FIG. 2 illustrates an alternative model training method for our dynamic network structure learning. The figure shows that in the process of the substitution training, through the learning and updating of the dynamic door structure, corresponding optimal substitution model network structures are generated for different target models.

Fig. 3 shows our black box attack method based on dynamic network structure learning. The figure depicts the data flow of the network model in detail and includes training data generation for alternative training, alternative training approaches based on knowledge distillation, and optimization constraints based on the structured information graph.

Claims

1. A black box attack system based on dynamic network structure learning is characterized by comprising optimization constraints based on a structural information graph and alternative training of the dynamic network structure learning, wherein the alternative training specifically comprises the following steps:

s1: generating alternative training data;

s3: generating a substitution model for the dynamic network structure learning;

2. The black box attack system according to claim 1, wherein the step S1 specifically comprises the steps of:

s11: randomly generating noise samples according to Gaussian distribution;

3. The black box attack system according to claim 1, wherein the step S2 specifically comprises the following steps:

step 21: respectively sending the substitute training data generated by the generator into a target model and a substitute model to obtain corresponding output;

step 25: and expanding the distance between the target model and the output of the substitution model according to an optimization loss function based on the structured information graph, and updating and optimizing generator network parameters.
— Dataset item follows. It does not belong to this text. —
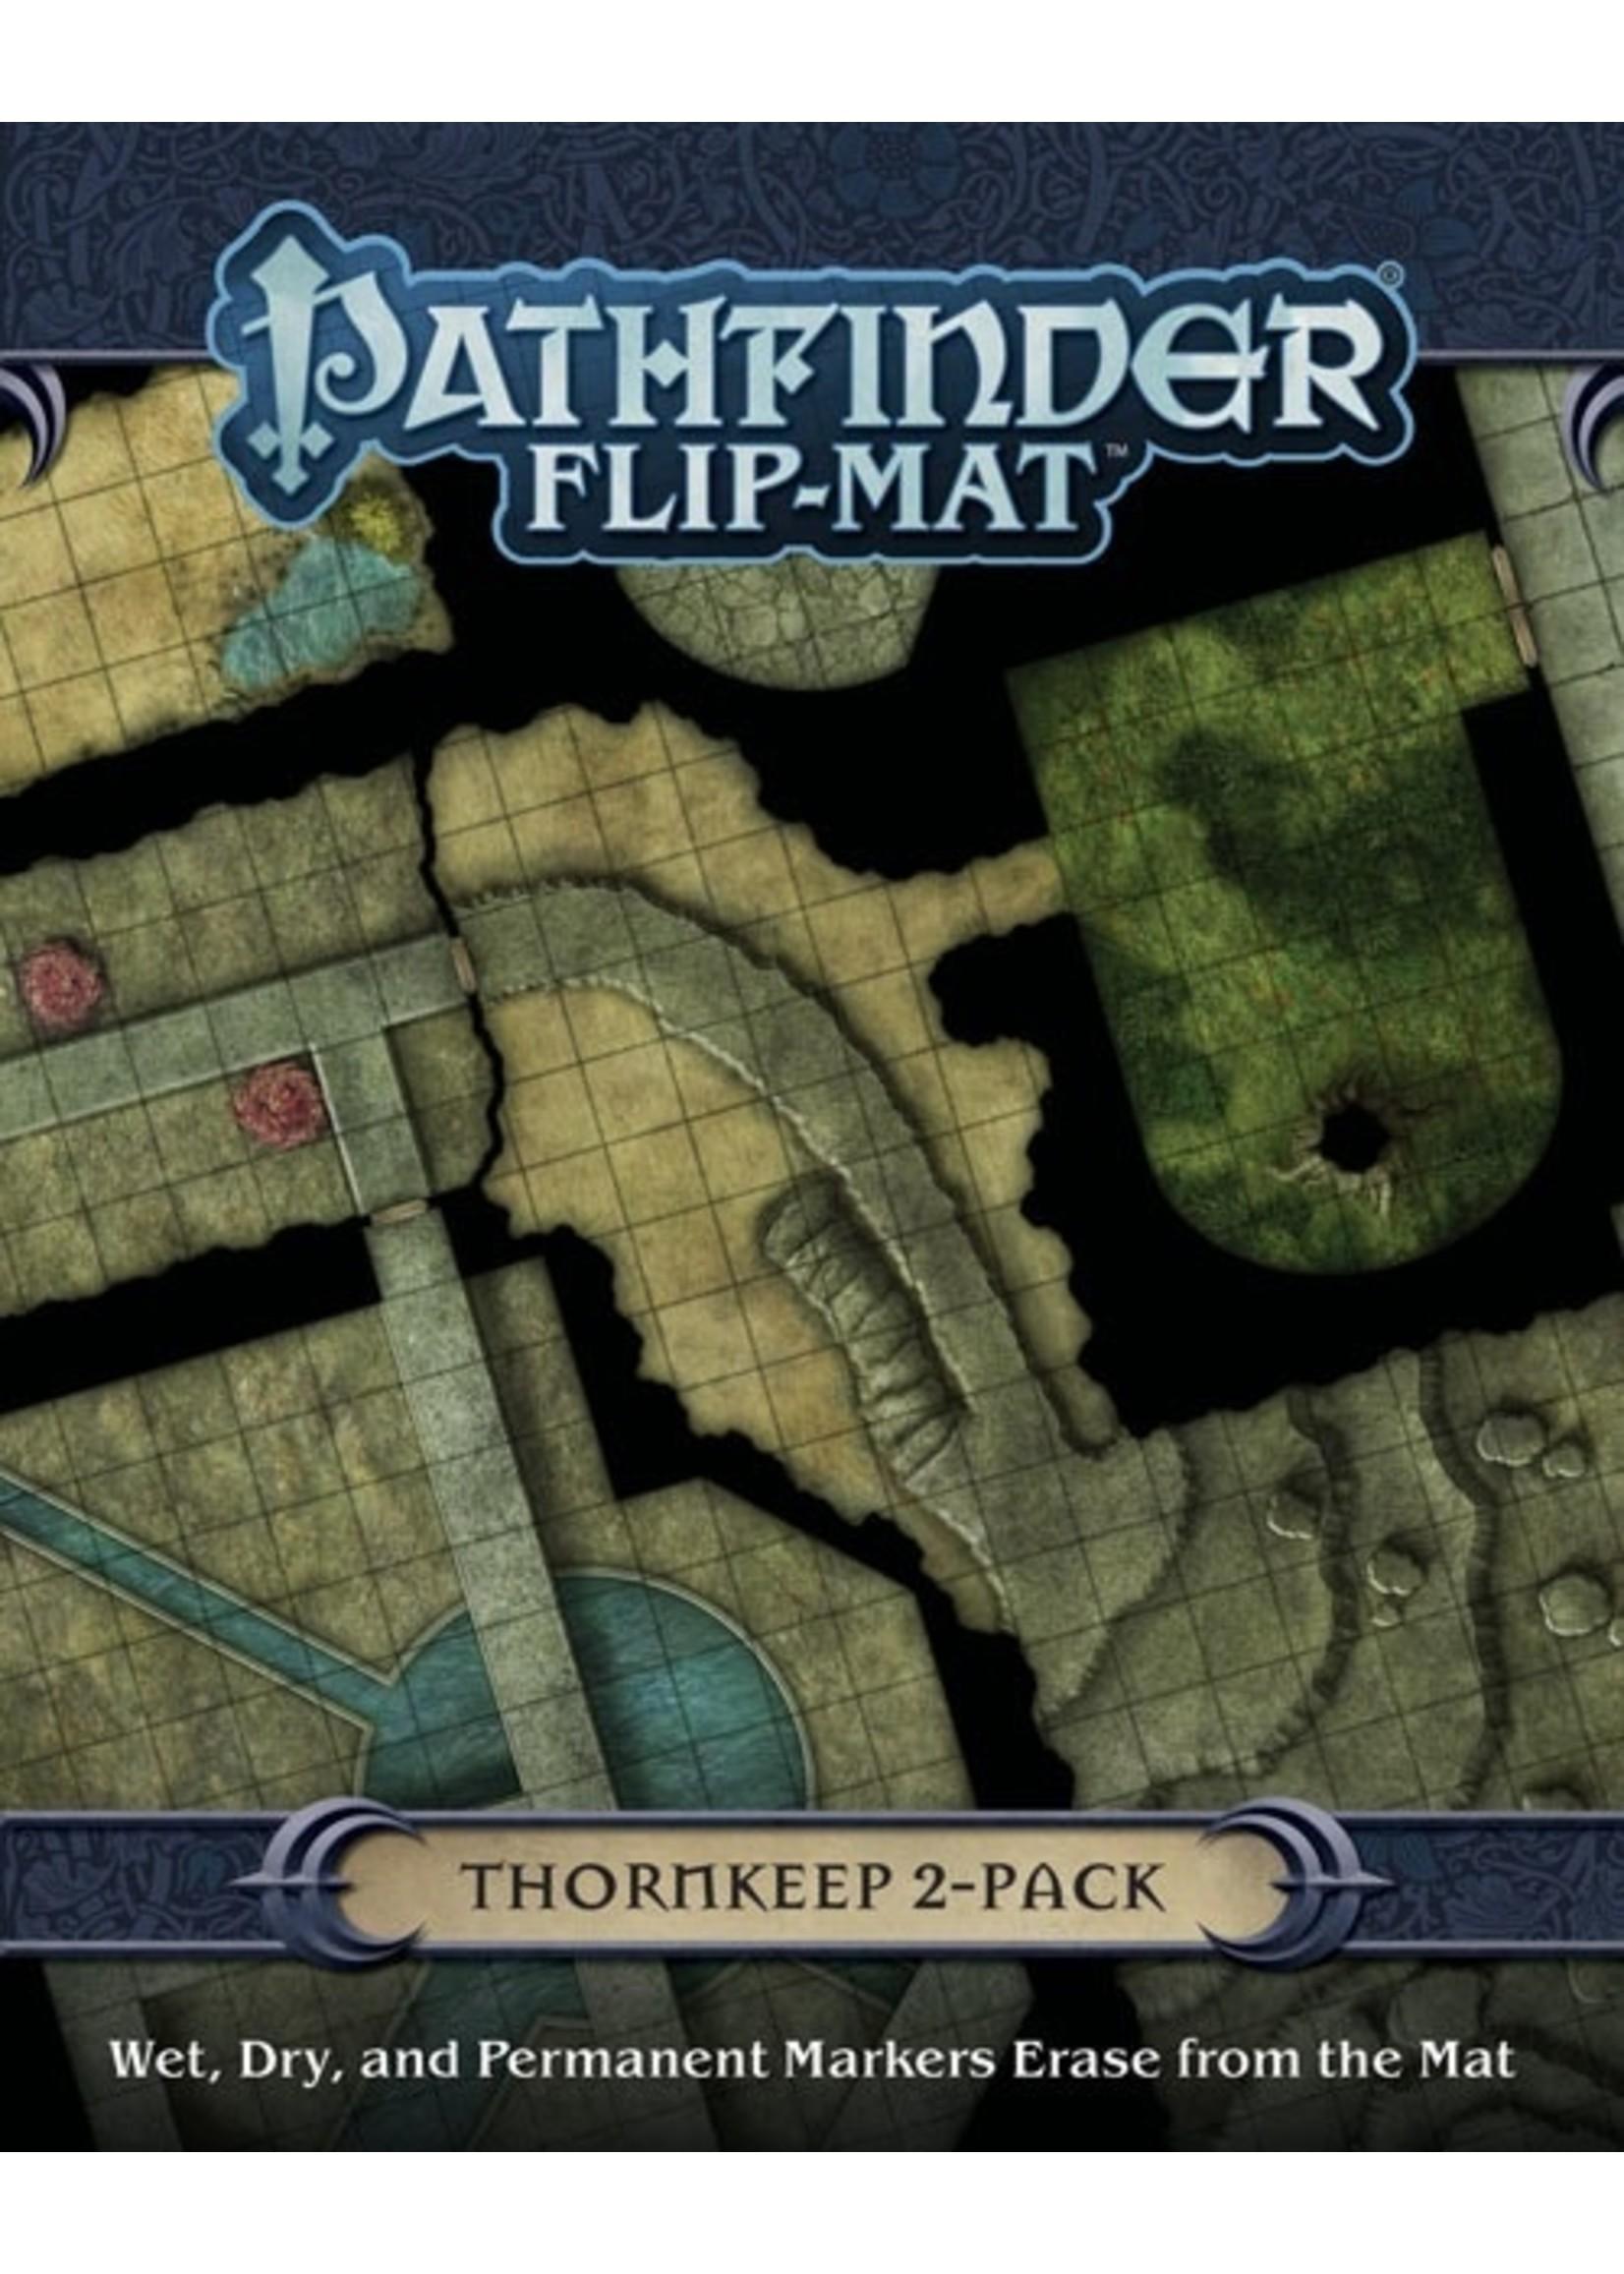 Pathfinder RPG: Flip-Mat - Thornkeep Dungeons 2 Pack

4. A black-box attack system as claimed in claim 3, wherein the structured information graph of step 22 comprises point nodes expressed by the output of the model itself and edge features which are characteristic euclidean distance differences between two point nodes.

5. A black box attack system as claimed in claim 3, wherein the step 23 uses Kullback-Leibler divergence to measure the distance between point nodes, and uses MSE loss function to represent the distance between edge features.

6. The black box attack system according to claim 1, wherein the step S3 specifically comprises the following steps:

7. The black-box attack system according to claim 6, wherein the step 32 implements binarization of the dynamic gate output by using a Hard-Sigmoid function as the gate function H and setting a threshold value to 0.5.